Император кивал головой в знак согласия, хоть не усматривал в бабочке никакого символа.
– Вот увидишь, Пантелеймон тоже очень обрадуется этому янтарю. Послезавтра он будет уже здесь. Диокл, мне хочется, чтоб ты тоже иногда беседовал с ним.
Император опять согласился. Ему самому теперь казалось, что надо подробно побеседовать с этим магом, сумевшим так покорить душу августы. Видимо, это, в самом деле, человек значительный; может быть, он понимает и в астрологии, и тогда хорошо бы сверить его предсказания с гороскопами Биона.
Император настолько уверовал в сон августы, что даже появление Галерия напомнило ему о враче. Цезарь прибыл как раз в тот день, когда августа ожидала Пантелеймона.
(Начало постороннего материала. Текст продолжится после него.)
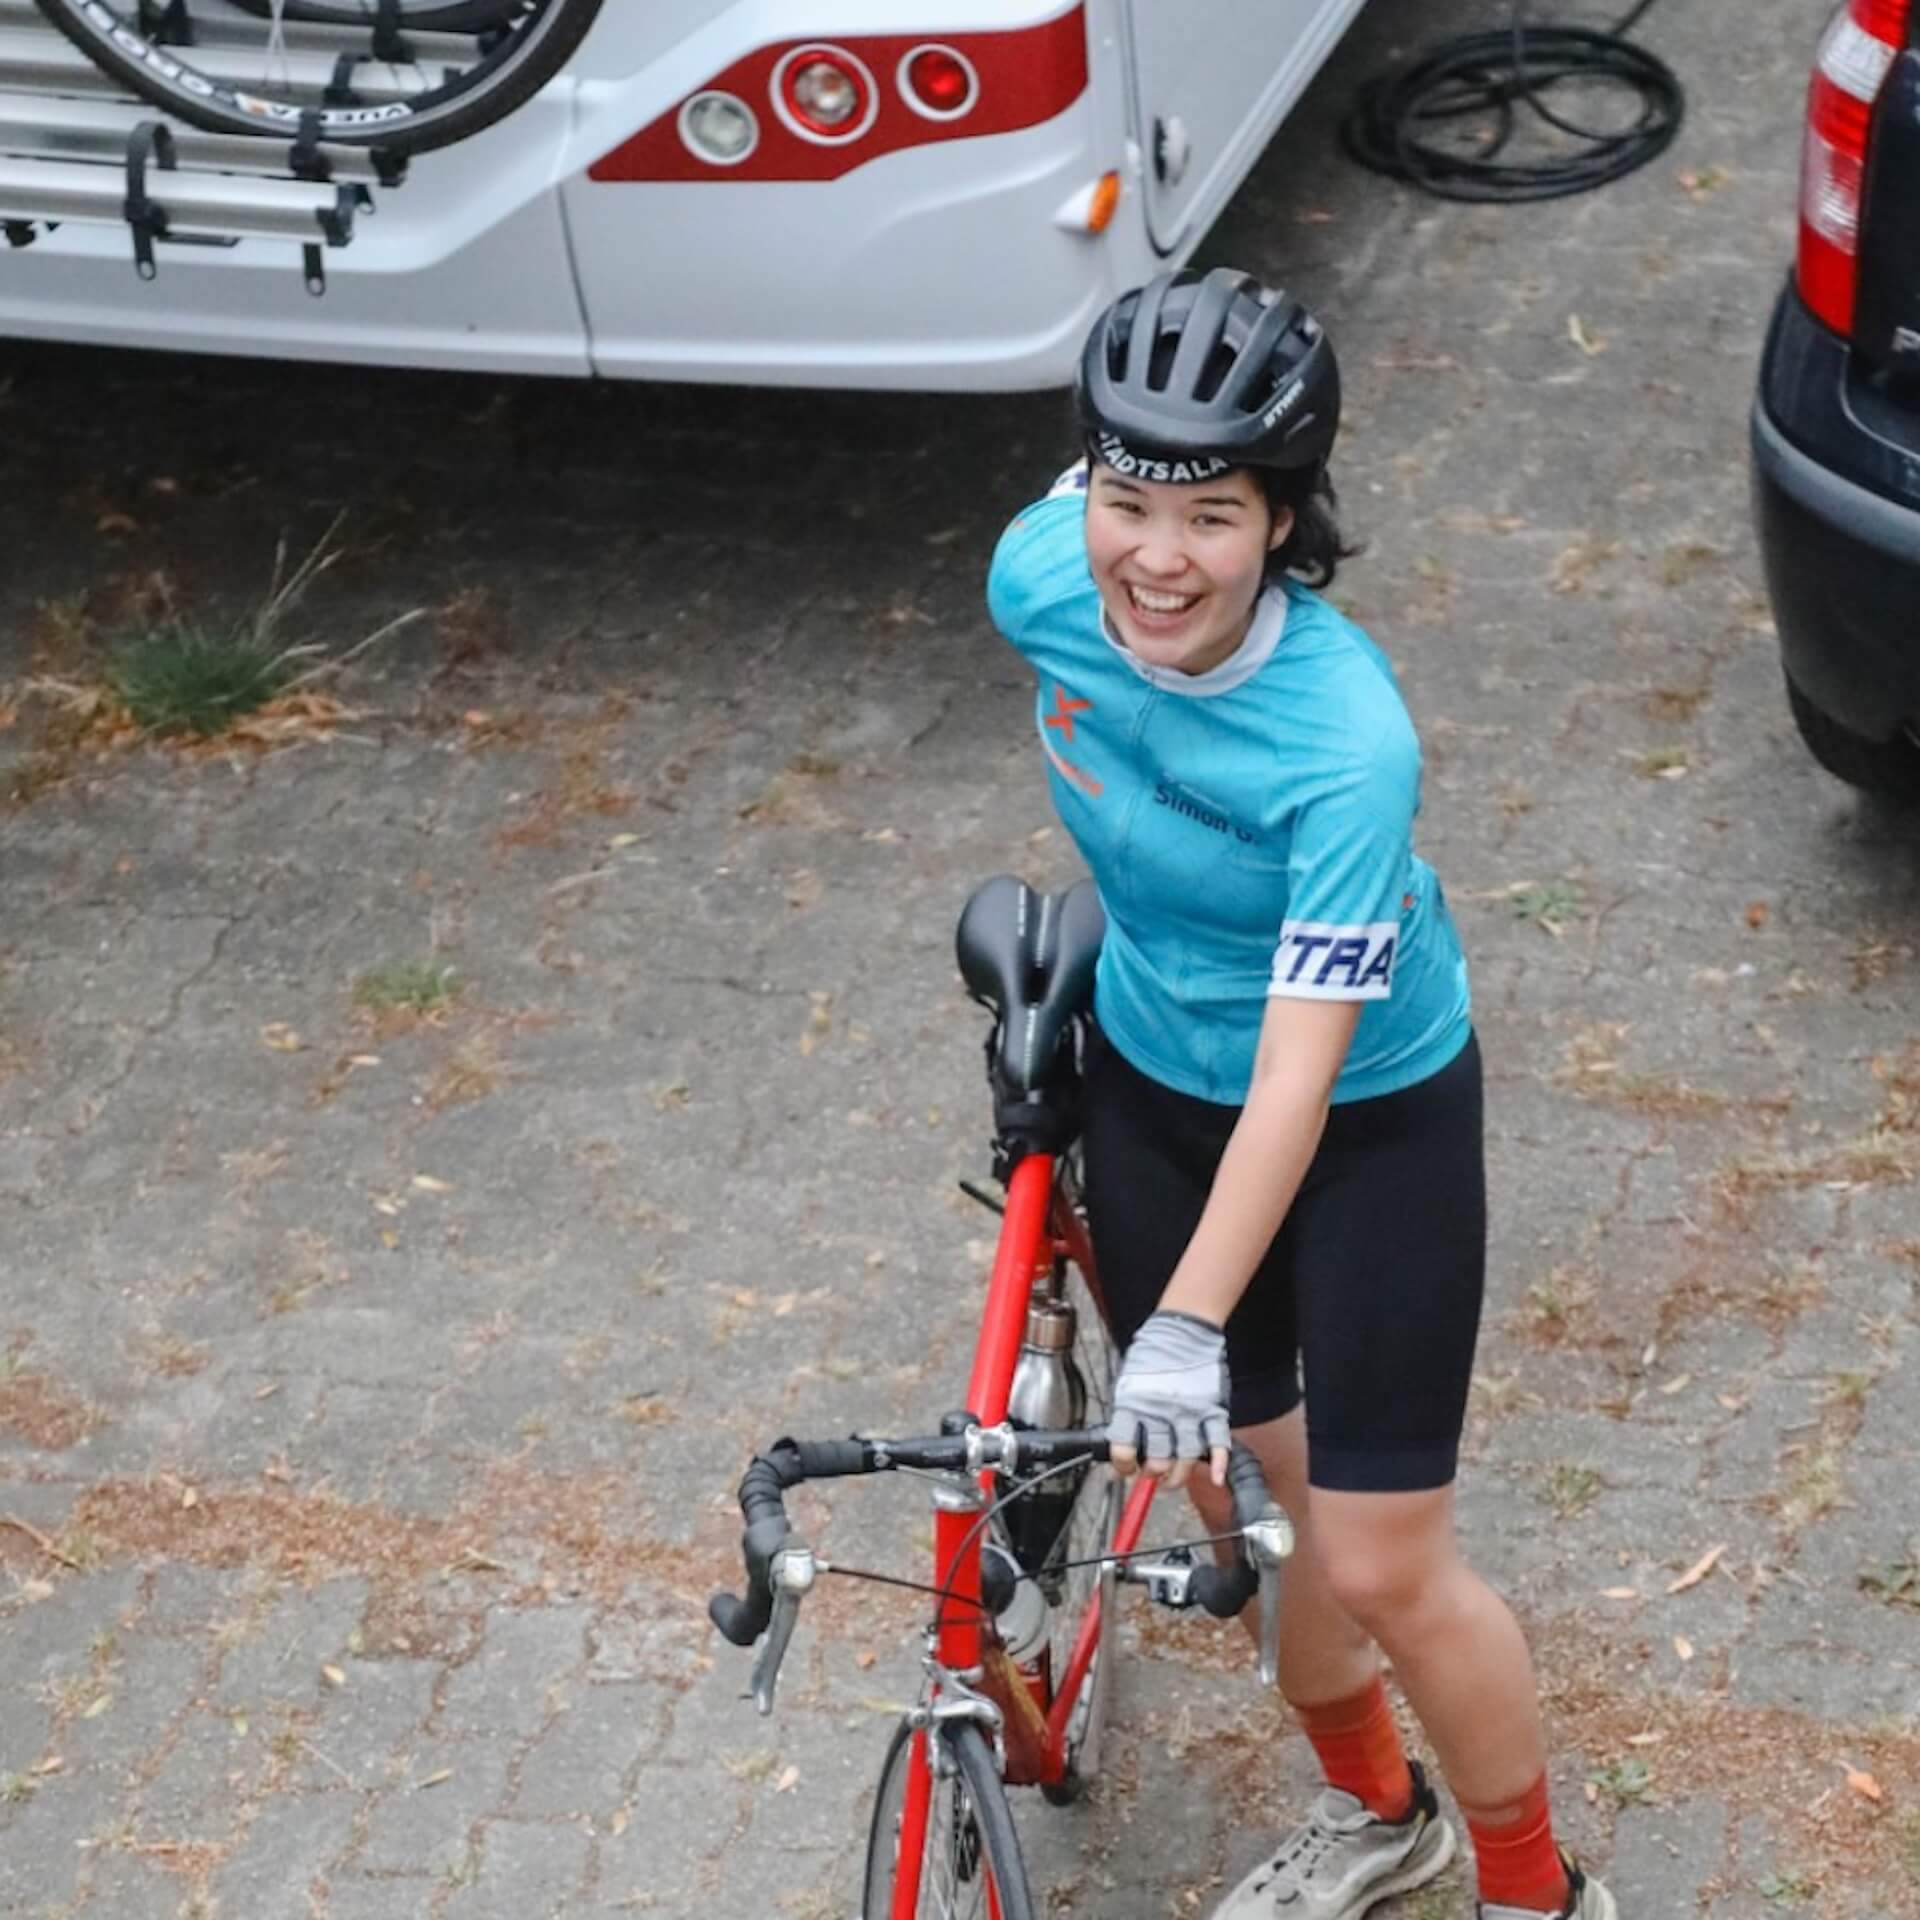 female athlete bike rider smiling
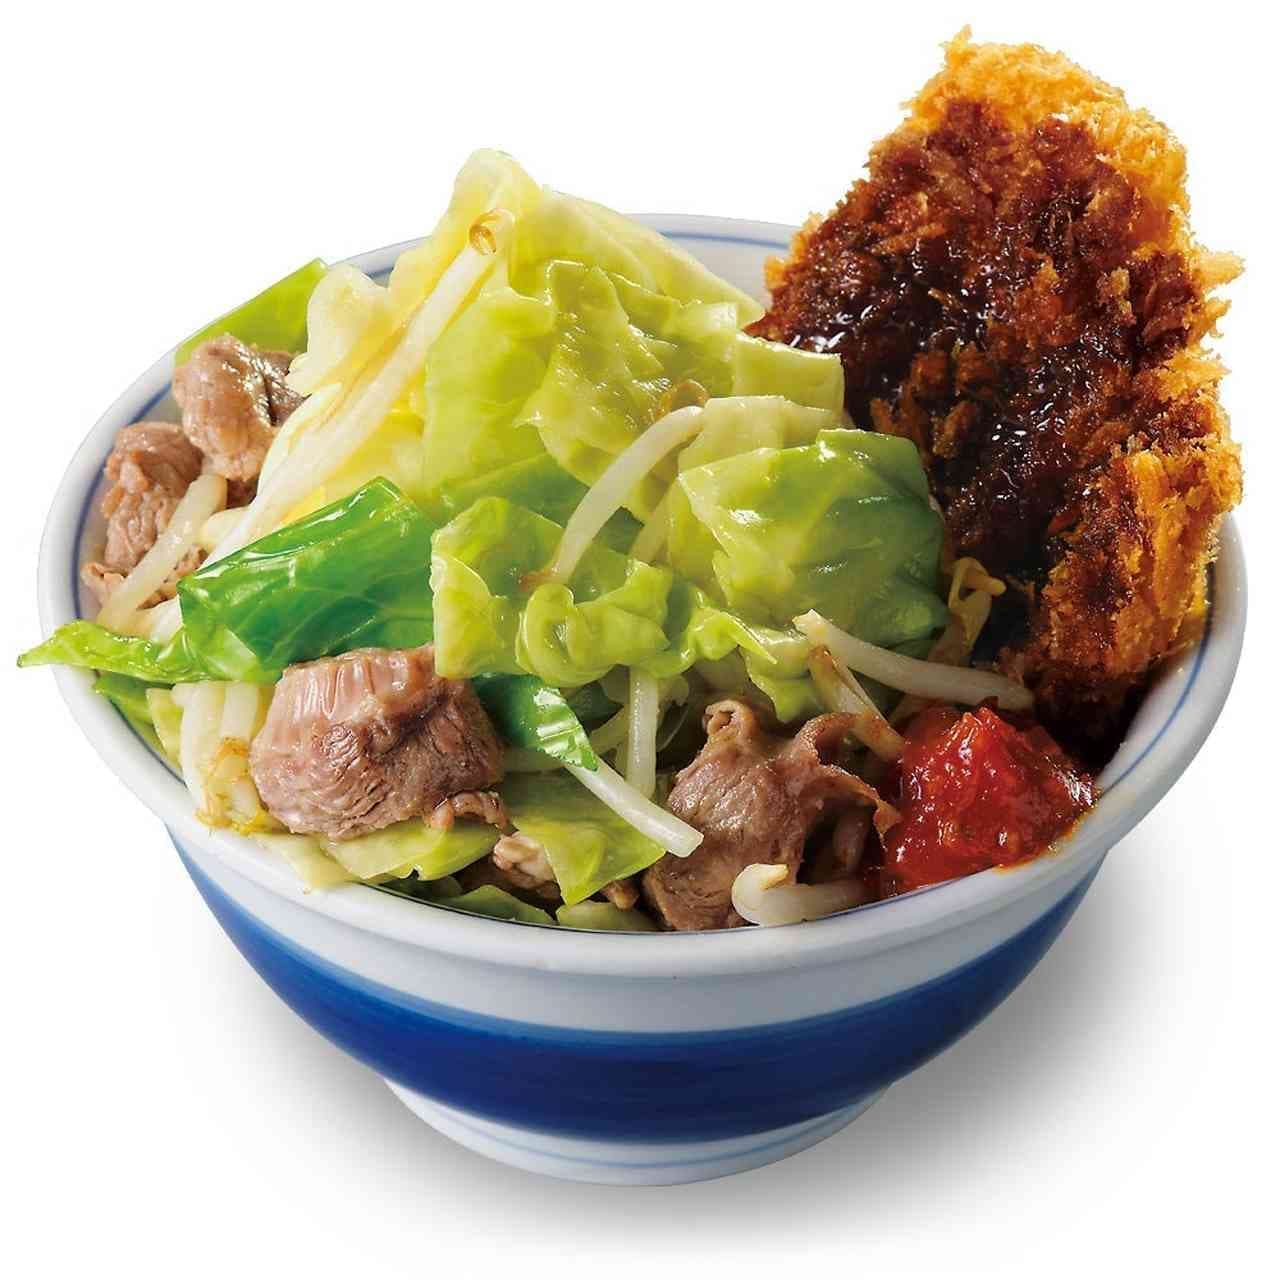 Katsuya "Stamina Stir-Fried Pork Harami and Chicken Sauce Katsu-don

Пастух явился одетый по-дорожному, в круглом военном плаще, с кожаным мешком через плечо. Из гавани, где его, по поручению Диоклетиана, встречали Максентий и Константин, он поспешил прямо к императору.
– Хере![133]– подняв правую руку, приветствовал он императора. Латынь не давалась Галерйю, и среди своих он предпочитал говорить по-гречески.
– Привет тебе, цезарь, – улыбнулся император. – Ты что, один приехал? Не привез с собой врача Пантелеймона?
Галерий вздрогнул. Кровь отхлынула от его всегда красного лица.
– Как ты узнал, государь? – хрипло спросил он. Потом кивнул принцепсам: – Выйдите!
Император, удивленный, показал им на боковую дверь.
– Ступайте туда… Да что с тобой, Галерий?
Цезарь скинул с плеча кожаный мешок, достал оттуда другой, полотняный, весь в красных пятнах, развязал его и вытащил оттуда человеческую голову, с волосами и ресницами, слипшимися от крови. Когда Галерий поставил ее на стол, из нее посыпались темные, пропитанные кровью опилки.
– Вот тот, кого ты желал видеть, государь! Это врач Пантелеймон. Бунтовщик, оскорбитель величества, посягнувший на твою священную жизнь. Не забудь принести богам величайшую благодарственную жертву, государь, за то, что они вовремя предали его мне в руки.
Щеки Галерия порозовели. Зато у императора лицо побледнело, как то мертвое лицо, на которое он смотрел.